| GIVEN DATA |
'''
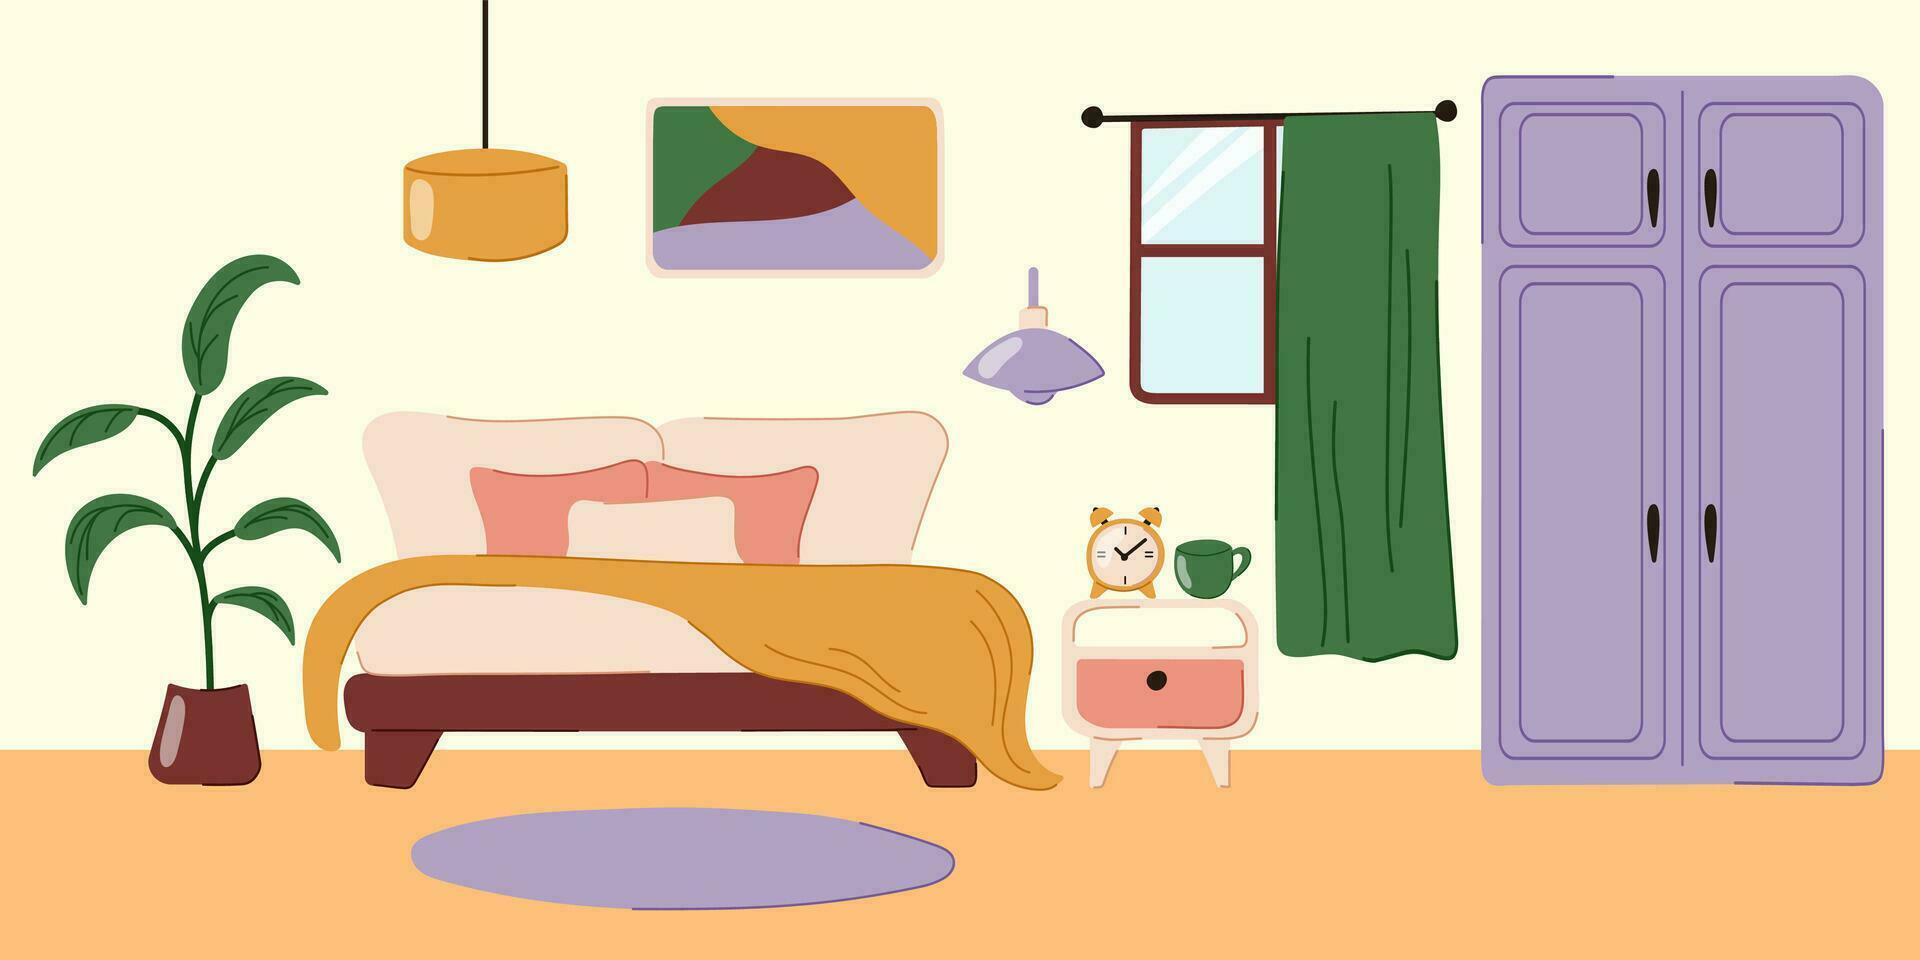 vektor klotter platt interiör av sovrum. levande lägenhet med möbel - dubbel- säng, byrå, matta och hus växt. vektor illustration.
'''
'''
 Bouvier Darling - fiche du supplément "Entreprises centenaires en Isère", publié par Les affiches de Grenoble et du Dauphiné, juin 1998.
'''
'''
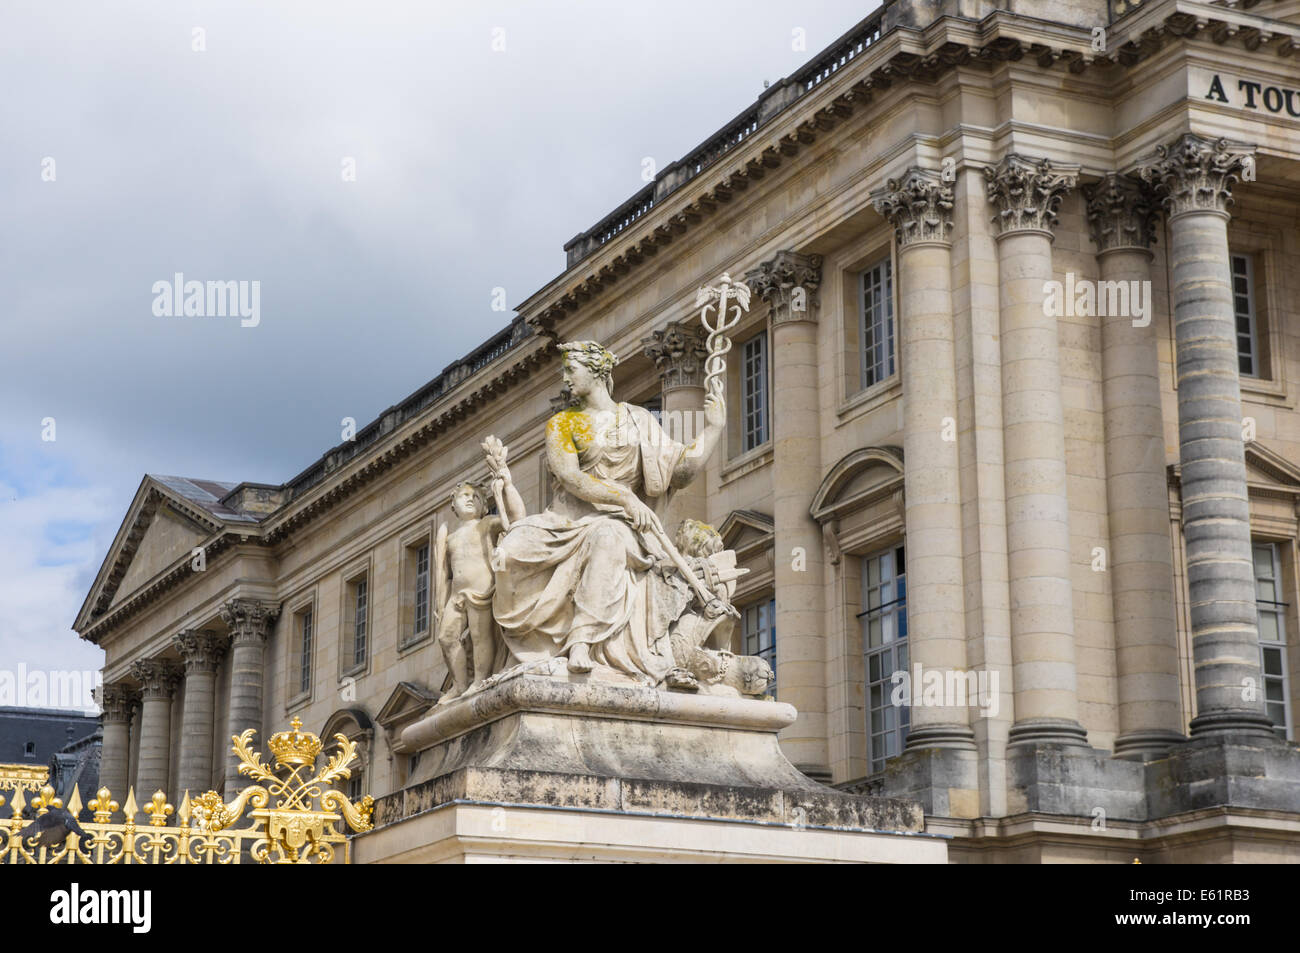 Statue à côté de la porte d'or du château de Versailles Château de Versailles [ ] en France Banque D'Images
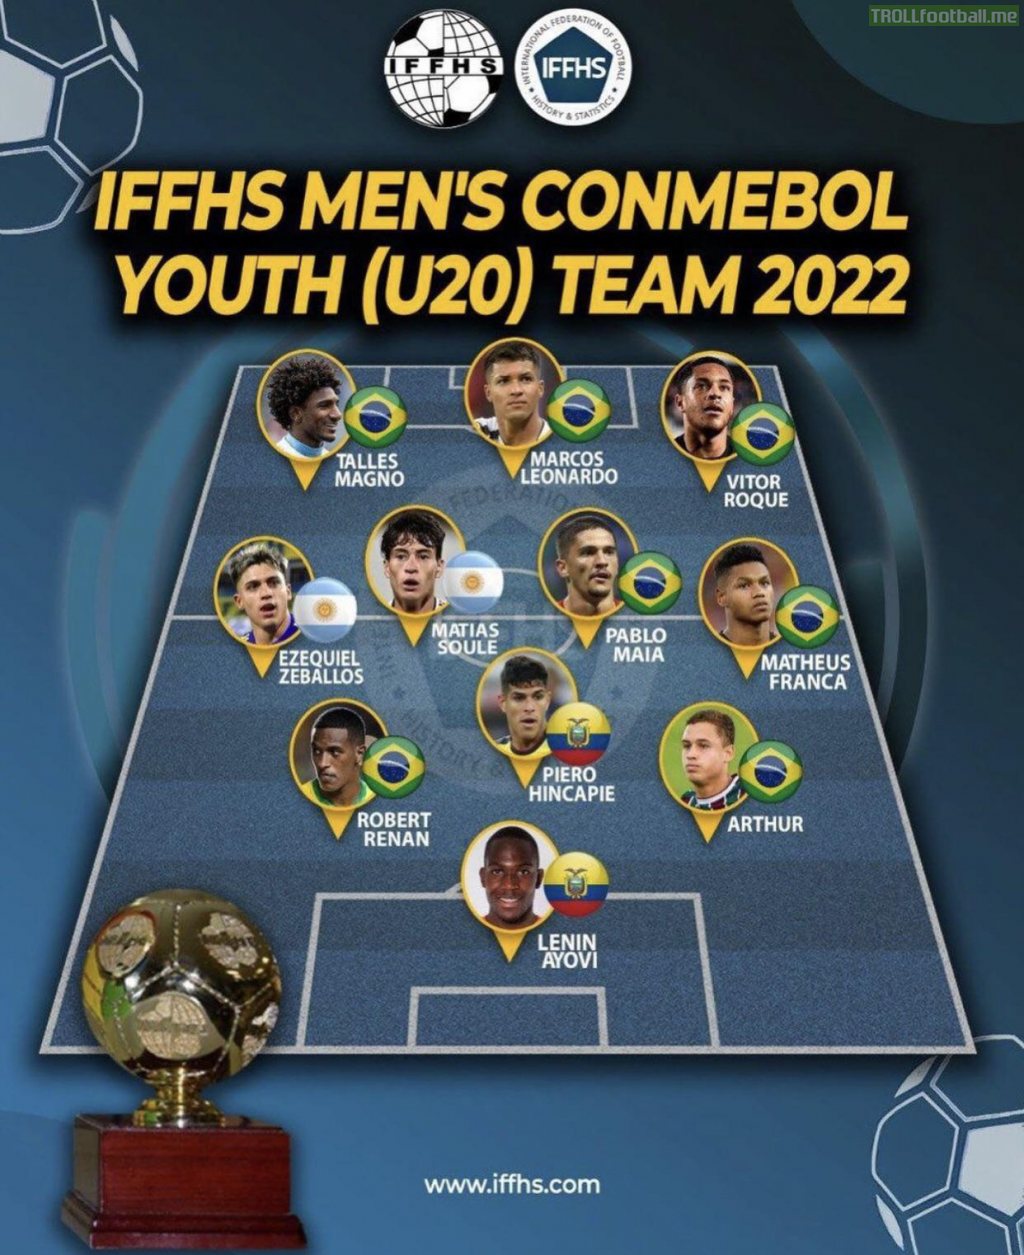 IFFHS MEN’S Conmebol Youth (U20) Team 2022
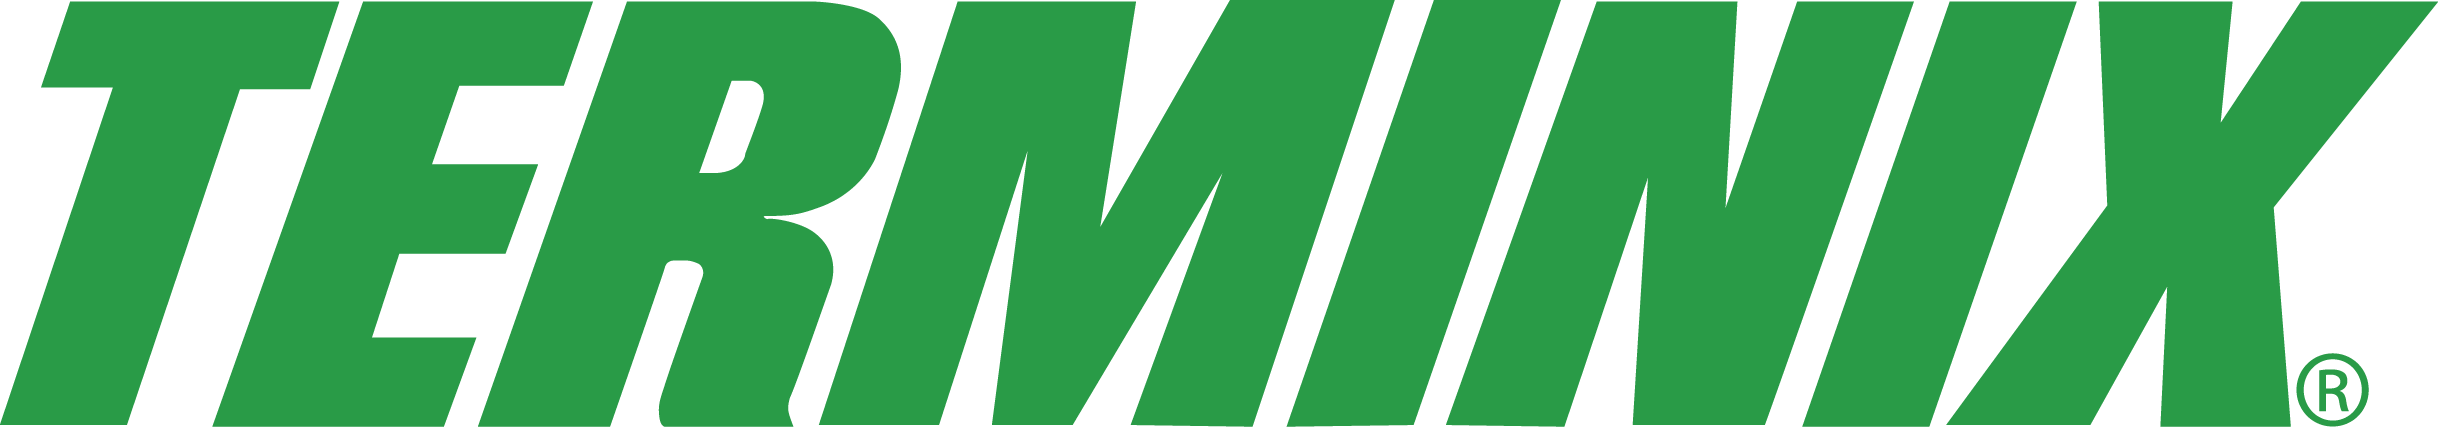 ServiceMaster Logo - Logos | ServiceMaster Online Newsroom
'''
| DIRECTIONS |
With the pictures omitted, print the lines above exactly, beginning at the line with "IFFHS MEN’S Conmebol Youth (U20) Team 2022" and going on through the line with "ServiceMaster Logo - Logos".

| OUTPUT FOR THIS EXERCISE |
 IFFHS MEN’S Conmebol Youth (U20) Team 2022
 ServiceMaster Logo - Logos | ServiceMaster Online Newsroom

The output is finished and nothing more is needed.